Towards integrated modelling: full image simulations for WEAVE

Proceedings of SPIE Society of Photo-optical Instrumentation Engineers 9913 (2016)

Authors:

Gavin Dalton, Sun J Ham, Scott C Trager, Don C Abrams, Piercarlo Bonifacio, J Alfonso L Aguerri, Kevin F Middleton, Chris R Benn, Kevin Rogers, Remko Stuik, Esperanza Carrasco, Antonella Vallenari, Shoko Jin, Jim R Lewis

Abstract:

We present an integrated end-end simulation of the spectral images that will be obtained by the weave spectrograph, which aims to include full modelling of all effects from the top of the atmosphere to the detector. These data are based in input spectra from a combination of library spectra and synthetic models, and will be used to provide inputs for an endend test of the full weave data pipeline and archive systems, prior to 1st light of the instrument.
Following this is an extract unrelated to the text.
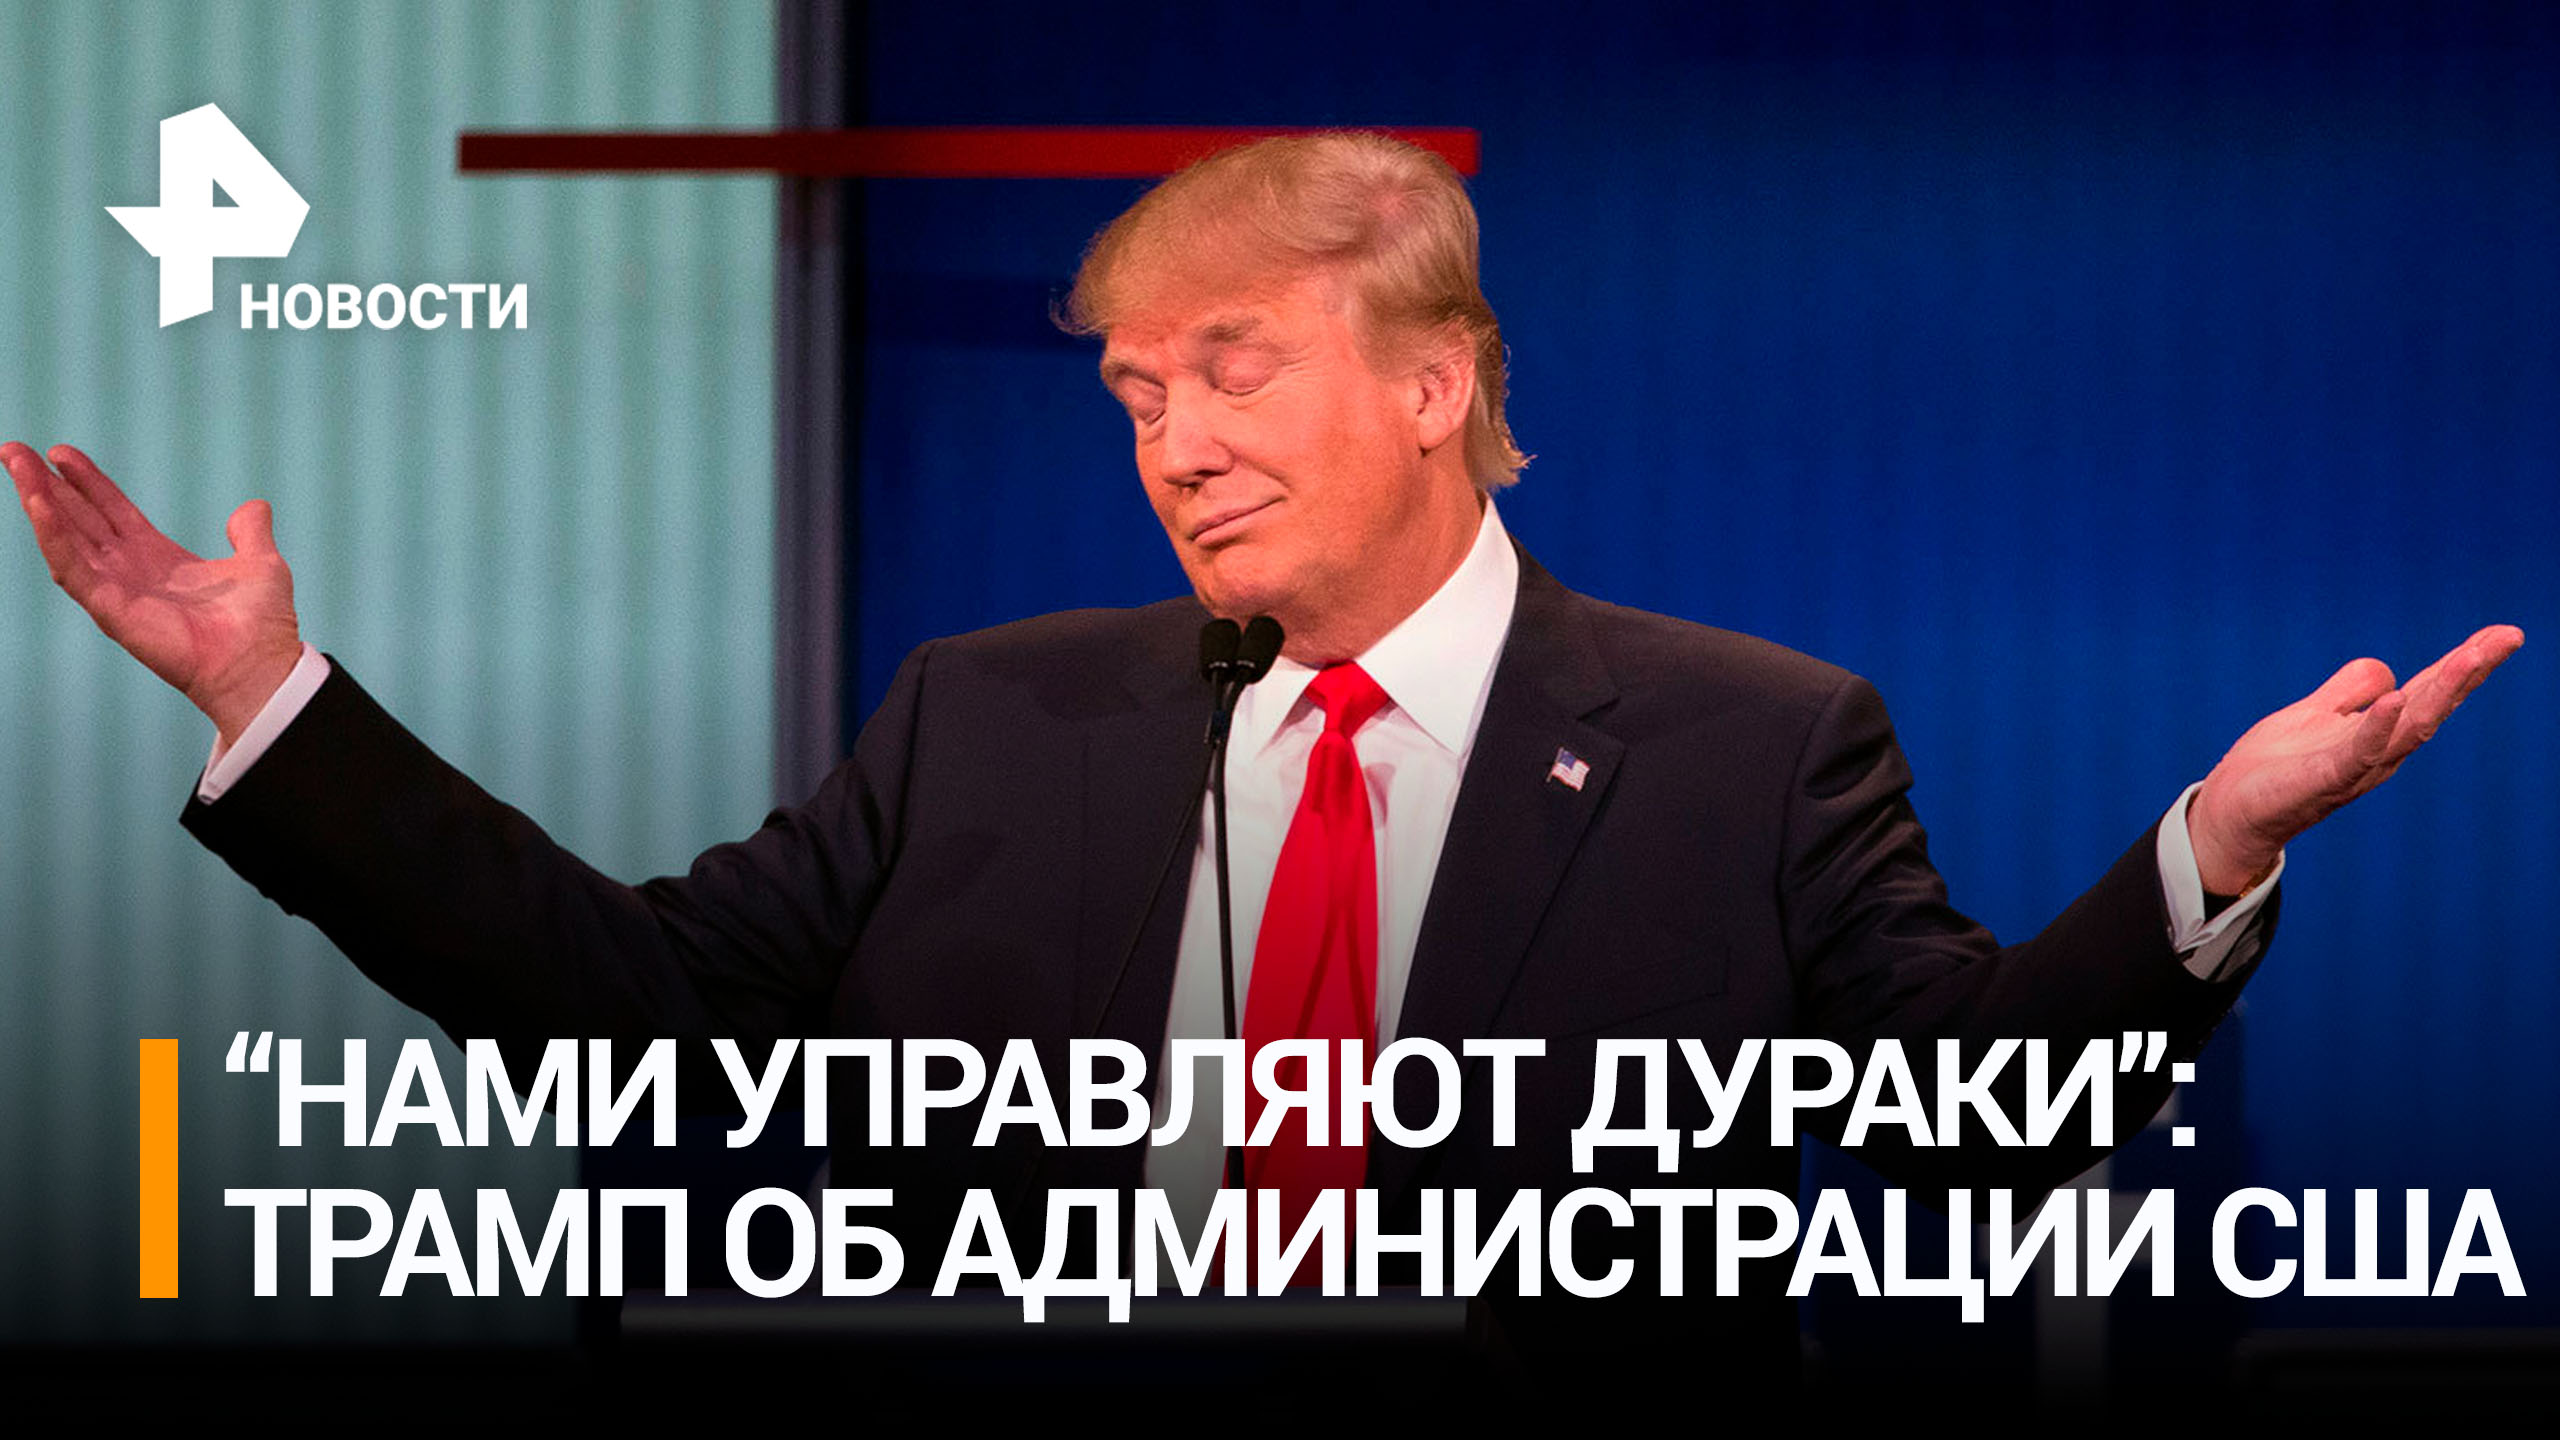 Трамп заявил, что США управляют дураки / РЕН Новости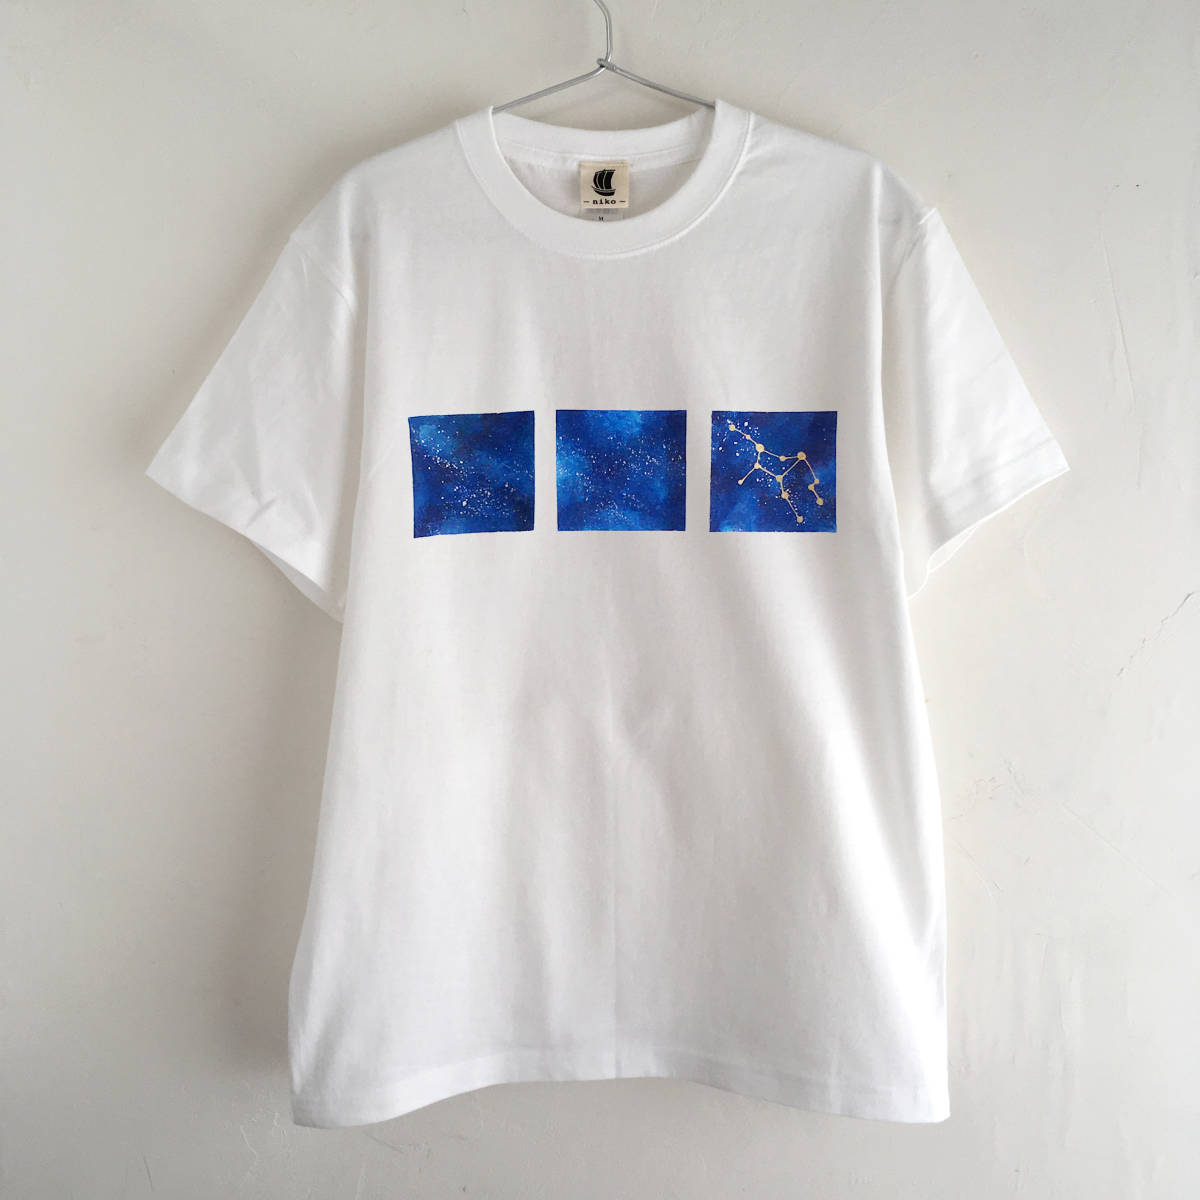 Handgezeichnetes T-Shirt mit Weltraummuster und 12 Sternbildern zur Auswahl, Weiß, Größe L, Galaxis, sternenklarer Himmel, Größe L, Rundhals, gemustert

Developing an integrated concept for the E-ELT Multi-Object Spectrograph (MOSAIC): design issues and trade-offs

Proceedings of SPIE Society of Photo-optical Instrumentation Engineers 9908 (2016)

Authors:

Myriam Rodrigues, Gavin Dalton, Ewan Fitzsimons, Fanny Chemla, Tim Morris, Francois Hammer, Mathieu Puech, Christopher J Evans, Pascal Jagourel

Abstract:

We present a discussion of the design issues and trade-offs that have been considered in putting together a new concept for MOSAIC, the multi-object spectrograph for the E-ELT. MOSAIC aims to address the combined science cases for E-ELT MOS that arose from the earlier studies of the multi-object and multi-adaptive optics instruments. MOSAIC combines the advantages of a highly-multiplexed instrument targeting single-point objects with one which has a more modest multiplex but can spatially resolve a source with high resolution (IFU). These will span across two wavebands: visible and near-infrared.

Developments in fibre positioning technology for the WEAVE instrument for the William Herschel Telescope

Proceedings of SPIE Society of Photo-optical Instrumentation Engineers ( 9908 (2016)

Authors:

Ellen JJ Schallig, Ian J Lewis, James M Gilbert, Gavin Dalton, Matthew J Brock, Don C Abrams, Kevin Middleton, J Alfonso L Aguerri, Piercarlo Bonifacio, Esperanza Carrasco, Scott C Trager, Antonella Vallenari

Abstract:

WEAVE is the next-generation wide-field optical spectroscopy facility for the William Herschel Telescope (WHT) on La Palma in the Canary Islands, Spain. It is a multi-object "pick-and-place" fibre-fed spectrograph with a 1000 fibre multiplex behind a new dedicated 2° prime focus corrector. The WEAVE positioner concept uses two robots working in tandem in order to reconfigure a fully populated field within the expected 1 hour dwell-time for the instrument (a good match between the required exposure times and the limit of validity for a given configuration due to the effects of differential refraction). In this paper we describe some of the final design decisions arising from the prototyping phase of the instrument design and provide an update on the current manufacturing status of the fibre positioner system.